● **What is expected**:
Copy the listing below exactly, but skip the pictures.

● **Dataset extract**:
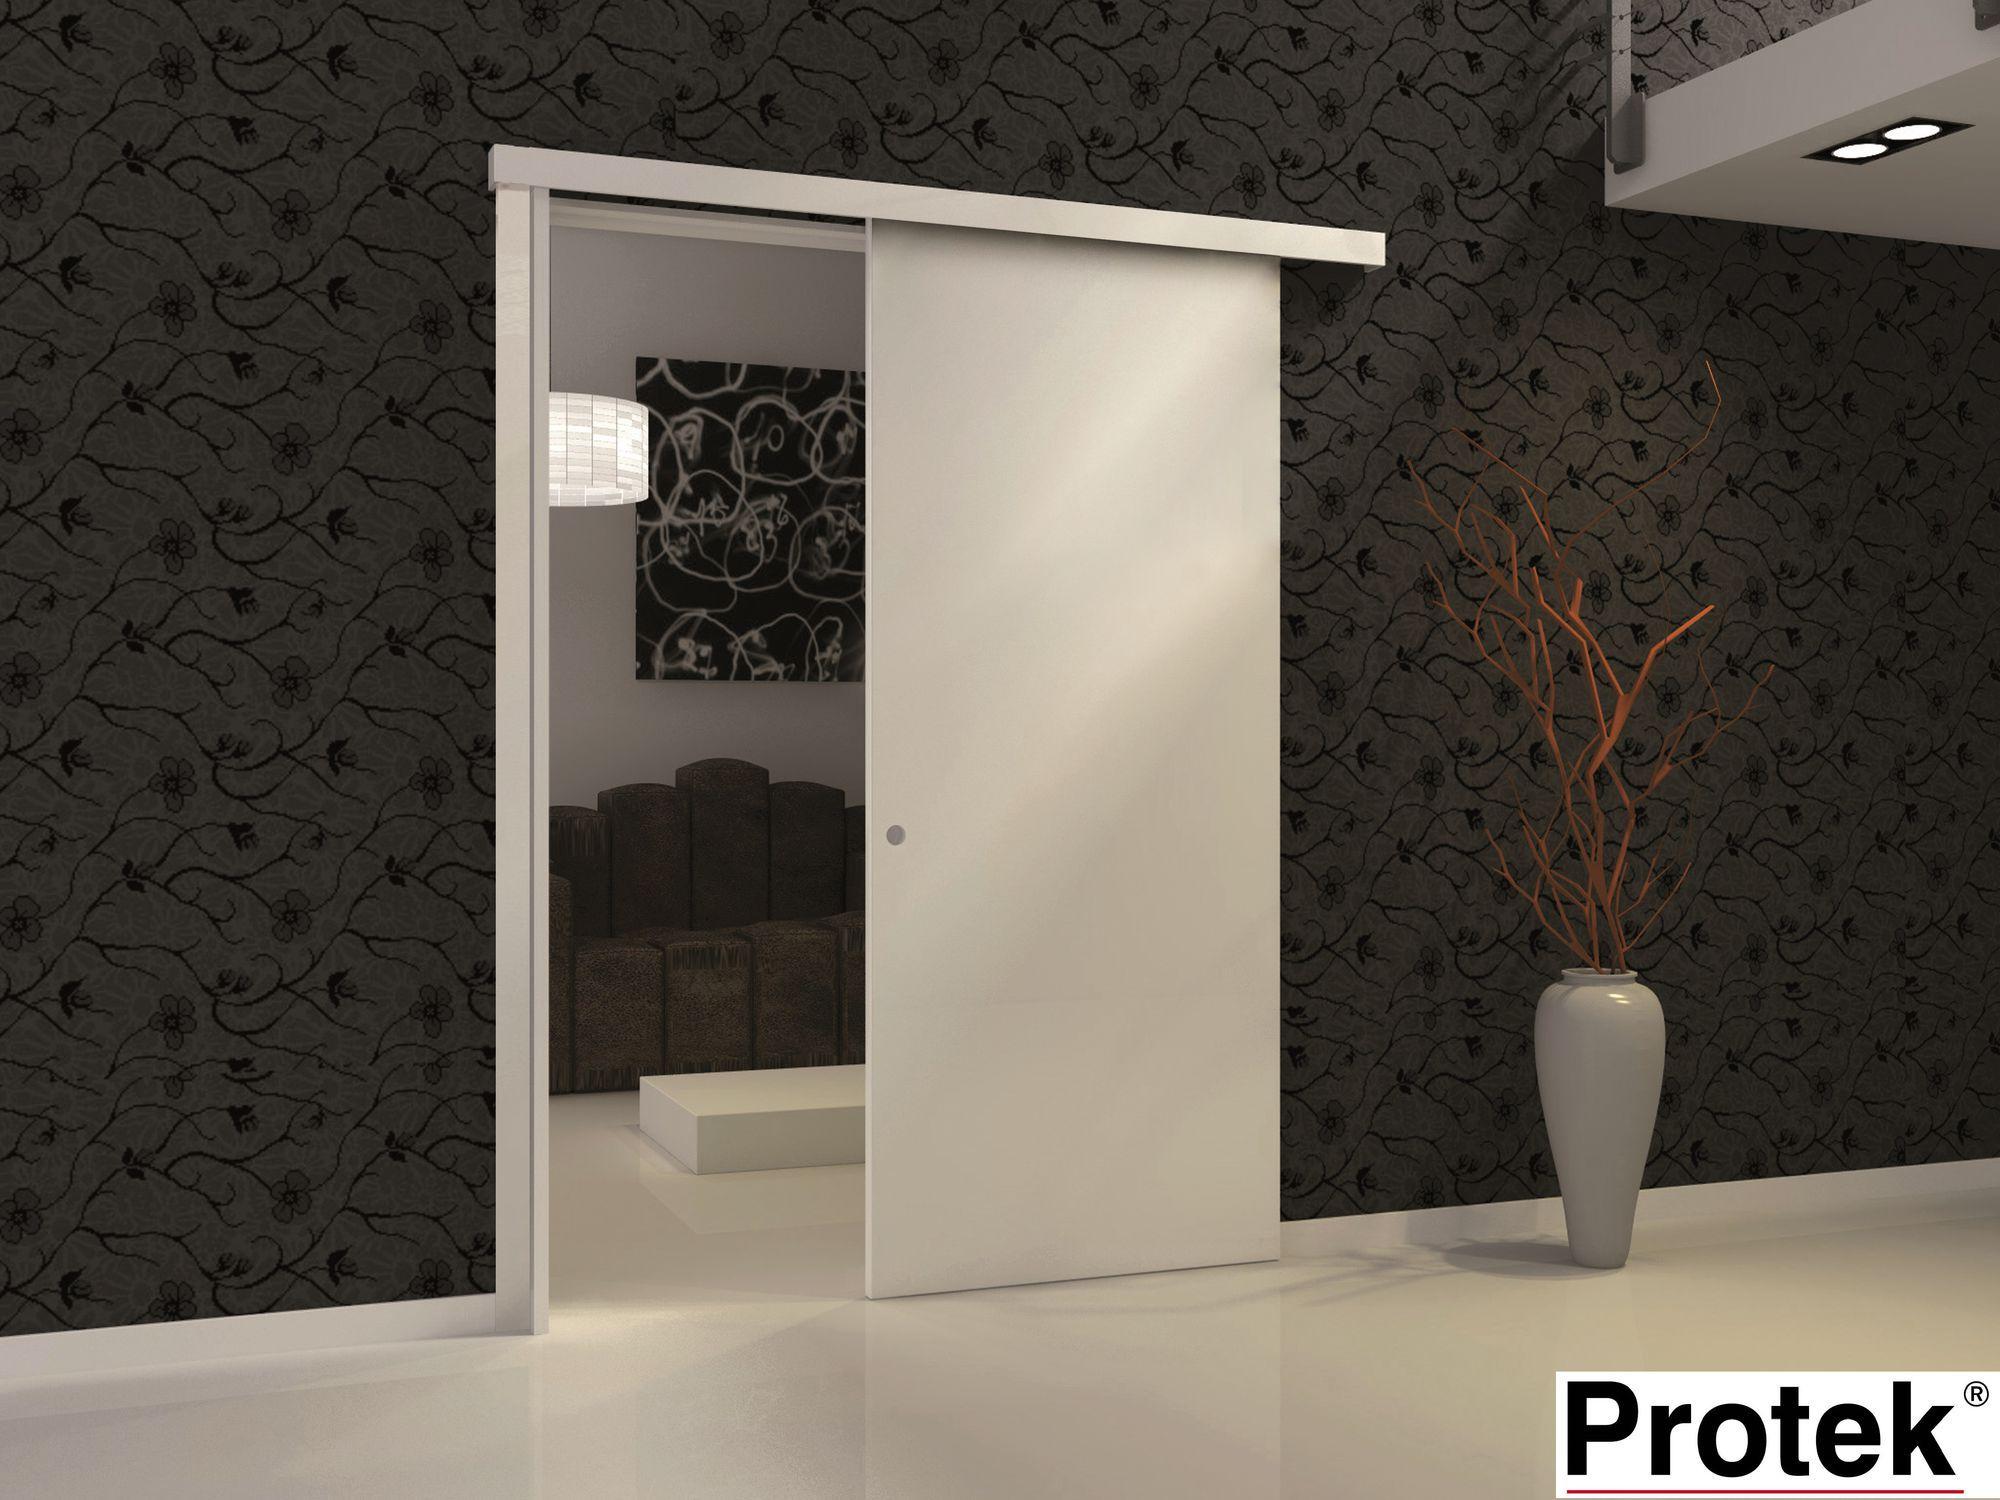 Metal fastening system for doors sliding woody protek metal fastening system for doors sliding woody protek vtopaller Gallery
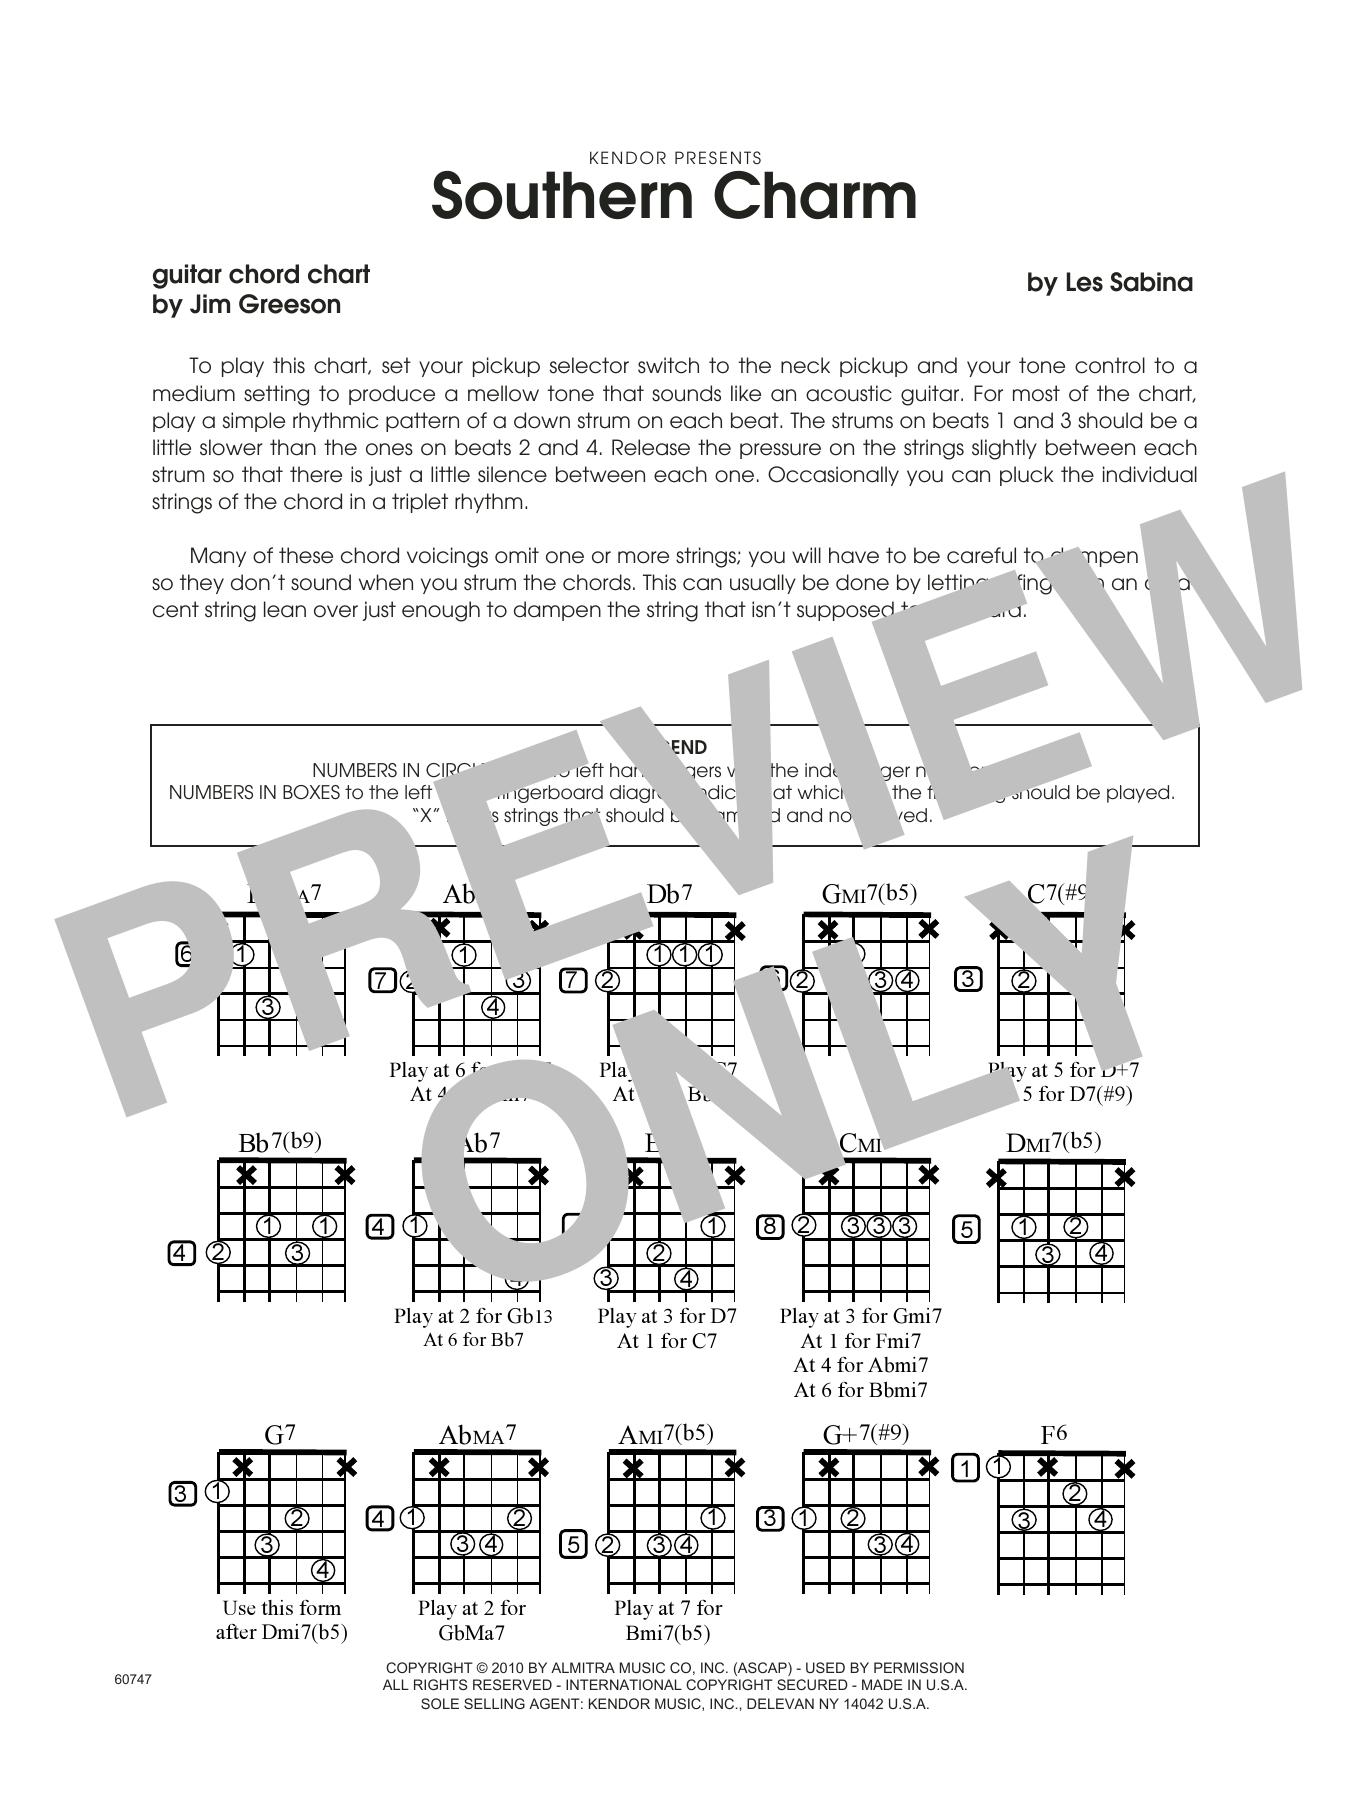 Southern Charm - Guitar Chord Chart Sheet Music
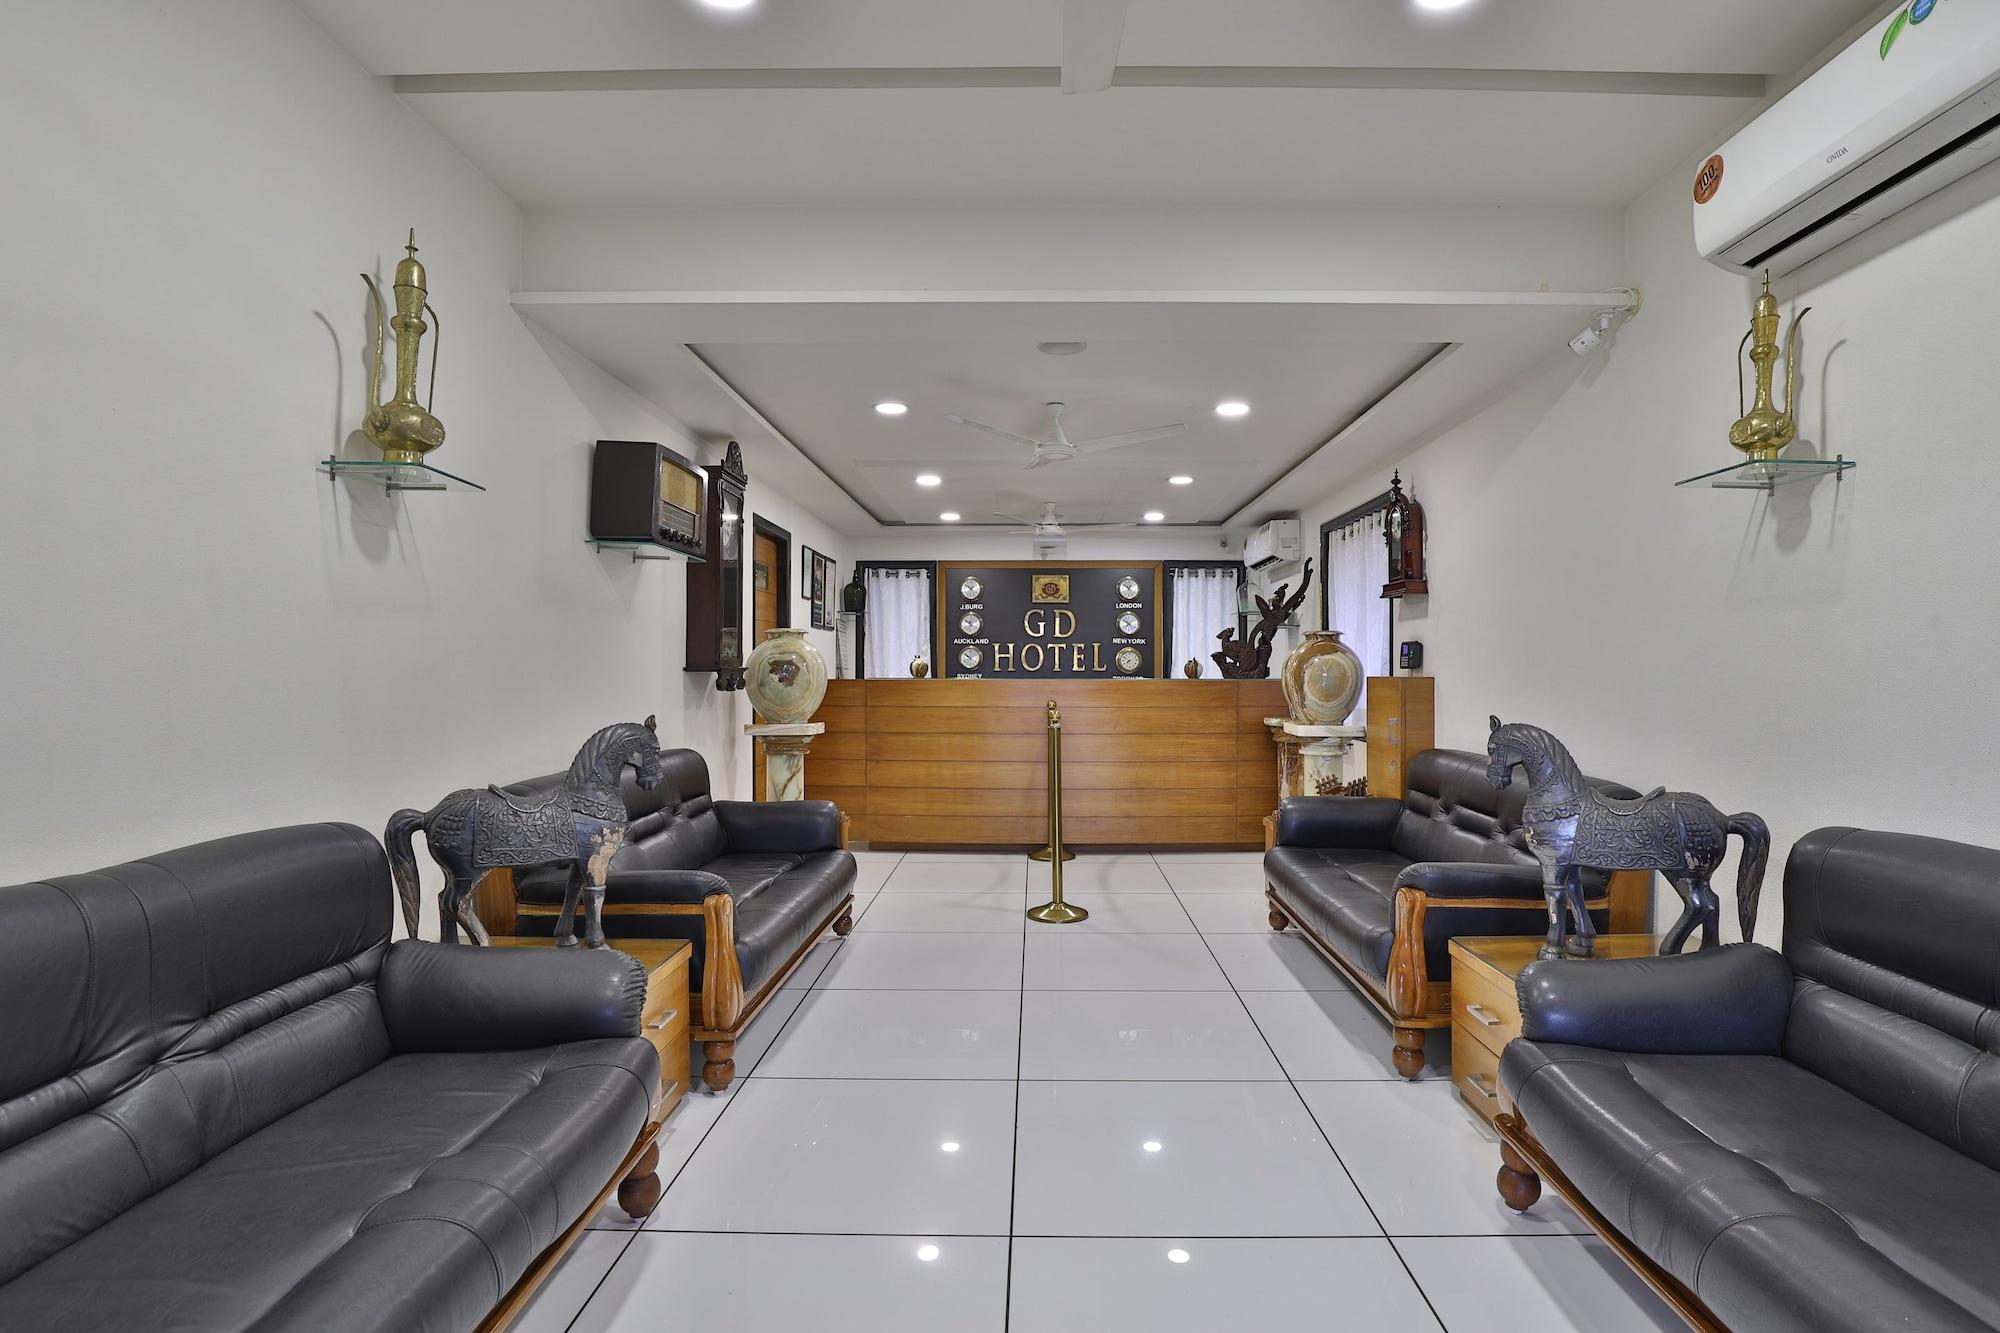 Palette - Gd Hotel, Navsari

● **Solution for this exercise**:
 Metal fastening system for doors sliding woody protek metal fastening system for doors sliding woody protek vtopaller Gallery
 Southern Charm - Guitar Chord Chart Sheet Music
 Palette - Gd Hotel, Navsari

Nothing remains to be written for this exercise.